Many events take place across the UK to celebrate Lunar New Year, including parties, cooking classes, exhibitions and more. But also, welcome the Lunar New Year into your own home by decorating with red lanterns and paper decorations or a tiger or two.
Why not host your own reunion dinner and bring your family together to share lucky dishes of fish, dumplings, spring rolls and oranges? And be sure to share gifts with your loved ones. Take time for you and your family’s wellbeing and celebrate the majestic nature of the tiger with gifts – Clarins’ Limited Edition Double Serum – created especially for this Lunar New Year, or tiger print beauty accessories or pyjamas.
Read more: Self-care gifts to send
The Lantern Festival falls on 15 February this year and there have been events taking place up and down the country to mark the occasion.
Try delicious rice balls (Tangyuan) the traditional food of the festival and try to solve the riddles you will often find written onto the lanterns themselves.
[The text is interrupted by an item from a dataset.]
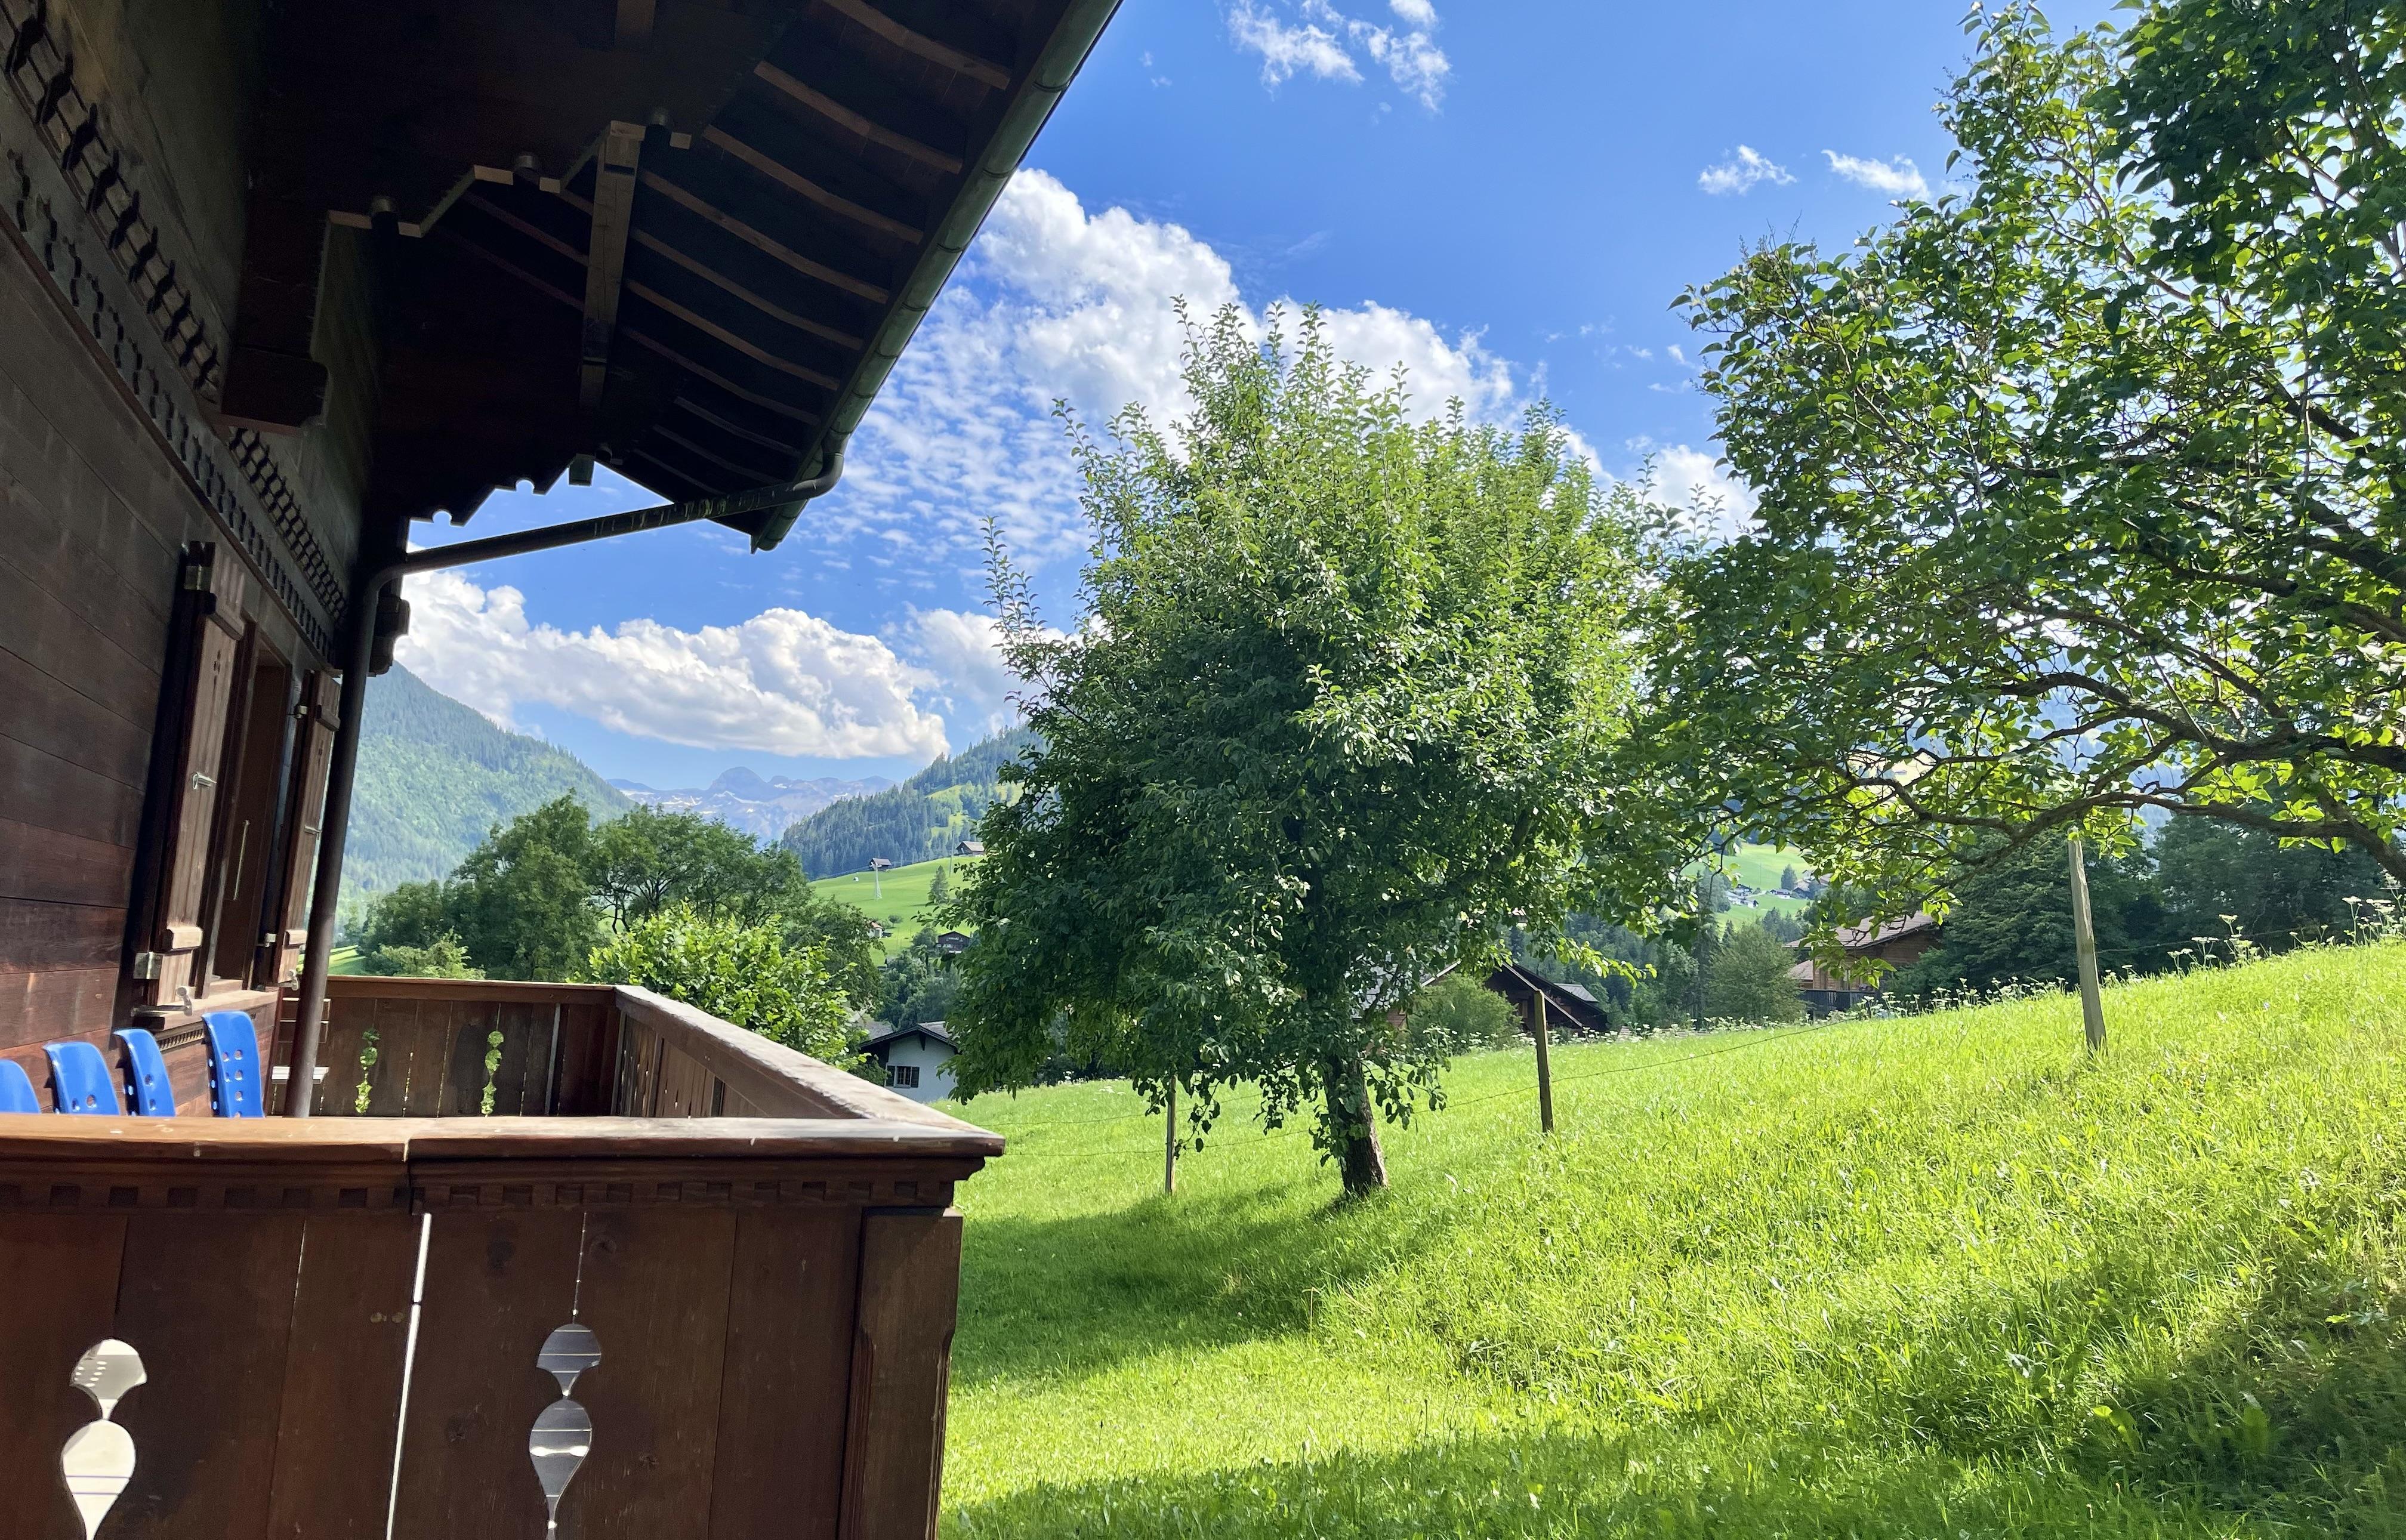 Ferienwohnung Akelei (gross) 7-Bettwohnung (592359), Zweisimmen, Simmental, Berner Oberland, Schweiz, Bild 6
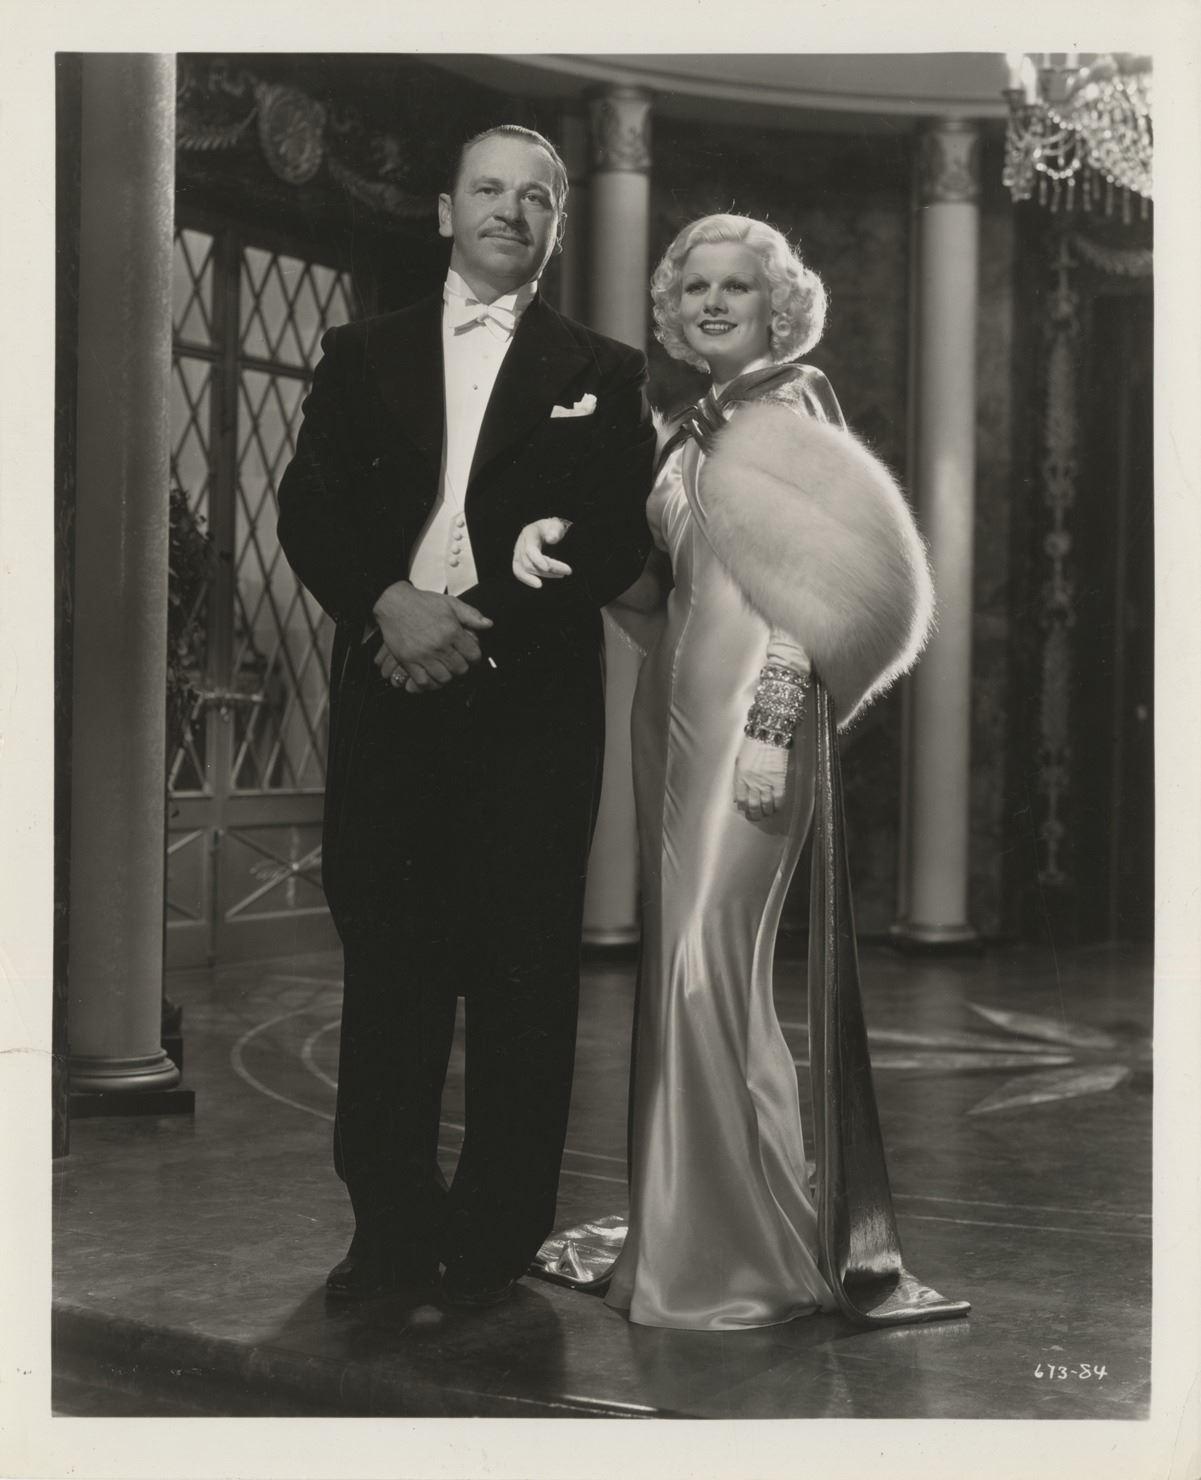 24 x 30 Jean Harlow Scene from a Film Black Office Uniform Photo Print

And importantly, let go of the events of the previous 12 months and enter a state of peaceful reconciliation for the new year.
What does it mean to be the year of the tiger?
Every Lunar New Year signals a time for new beginnings and each year in the lunar cycle is associated with an animal: 2022 is the Year of the Tiger. Legend has it that all animals in the Kingdom were challenged to a race by the Jade Emperor – with the winner certain to win much coveted favour in his eyes. Being a strong and powerful beast, the tiger felt confident of his first-place spot but was outwitted by the cunning Rat who jumped onto the mighty Ox so he could leap over the finish line first, pipping both Ox and Tiger to the first-place post.
The year you were born links you to one of the 12 animals who took part in the famous race, and you are said to inherit the characteristics and traits of your animal. Features shared include an ambitious nature and lots of courage, enthusiasm in abundance and a passion for adventure.
Tigers are kind and generous creatures but can be short-tempered and unpredictable. They do not fare well with authority, preferring to choose their path in life than be dictated instructions. So, in 2022, the Tiger’s Year, harness this boldness, but they should remember to keep their egos in check. Embrace the fresh start a new year brings and celebrate the majestic Year of the Tiger.